Le luci tendenzialmente molto basse, salvo erompere nei momenti più propriamente ballabili, celavano nella foschia fumosa Esther Munits alle tastiere e Anne Gauthier alla batteria, collocate in leggero secondo piano sul palco, ai lati di Alfons che, centrale e avvolto in un’aura di fascino indubbio, avrebbe comunque conquistato la scena anche fosse stato attorniato da una decina di strumentisti. La folla, non molto numerosa a confronto con altri spettacoli assistiti al Locomotiv ma senz’altro più che ragguardevole trattandosi di un seccante martedì, ballava senza inibizioni e conosceva buona parte dei testi delle canzoni, tant’è che gettando la coda dell’occhio lateralmente tra un pezzo e l’altro, capitava spesso di scorgere labbra convinte a recitare le parole correttamente. Poco più di un’ora di concerto in totale, un’ora intensa, impregnata di sudore e profumo da uomo; i brani si susseguivano concatenati senza dar tregua al pubblico di riprender fiato e far riposare le gambe, si aveva l’impressione di essere fuori dall’Italia vista la risposta apertamente calorosa delle persone. TR/ST si dimenava assieme a noi, e pescava alternatamente dal repertorio dell’album di esordio e dal successore, sicché ne risultò un composto perfettamente omogeneo in cui luccichii festosi e ombre di stampo dark wave si mescolavano in equilibrio esemplare. Il synth non mollava mai la presa, la velocità era quasi una prerogativa. Uno scarno bis, una canzone appena (la caramellosa “Joyland”), mi lasciò con la voglia non totalmente appagata, giacché speravo di potermi divertire ancora con “Peer Pressure” e “The Last Dregs” – grandi assenti all’appello. Tutto sommato però l’idea di accomiatarsi tra impalpabili nuvole di zucchero, imprimendoci un sorriso ampio e una sfrenata felicità malinconica che strizzava l’occhio all’eurodance anni ’90, a ben vedere è stata una decisione appropriata.
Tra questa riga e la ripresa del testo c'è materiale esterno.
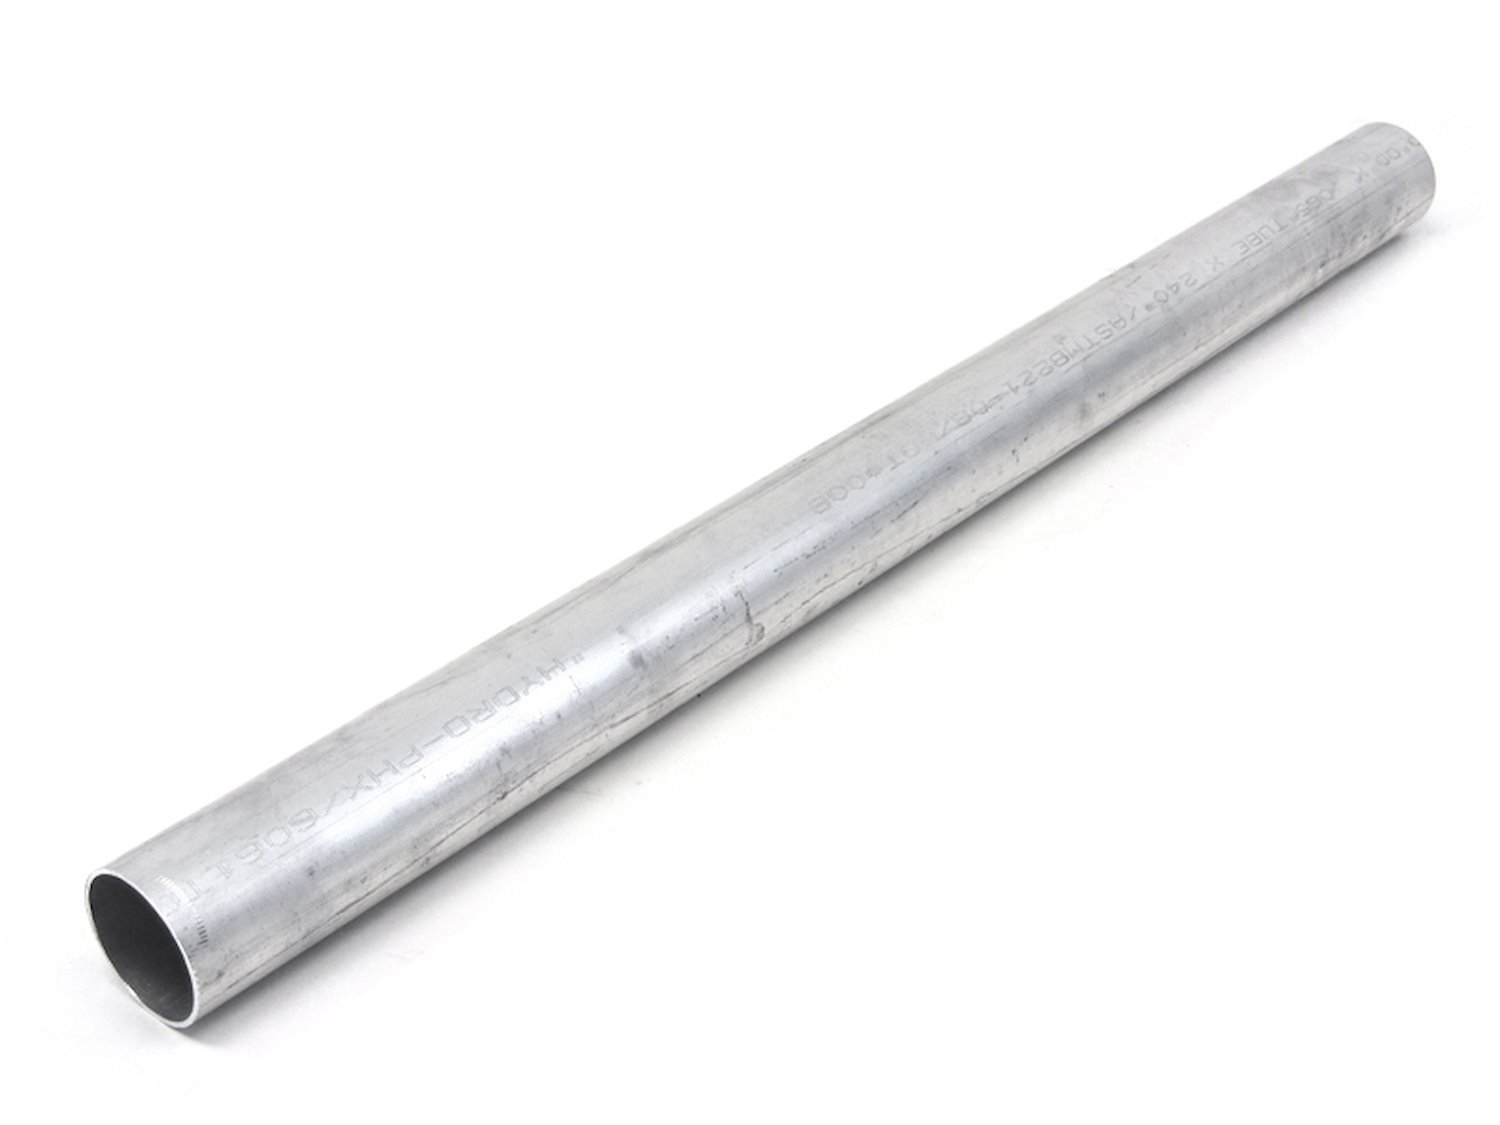 AST-125 Aluminum Tubing, 6061 Aluminum, Straight Tubing, 1-1/4 in. OD, Seamless, Raw Finish, 1 ft. Long

Una fotografia bramata da tempo e conquistata al fianco di Robert Alfons, prima di raccattare cappotti e quelle difese lasciate ad attenderci all’uscita, mi farà gongolare molto a lungo, ne sono certa. Come anche il ricordo del selciato umido, dei cumuli di neve sporca ai bordi della strada, delle chiacchiere che progressivamente andavano dissolvendosi nell’aria fredda di febbraio.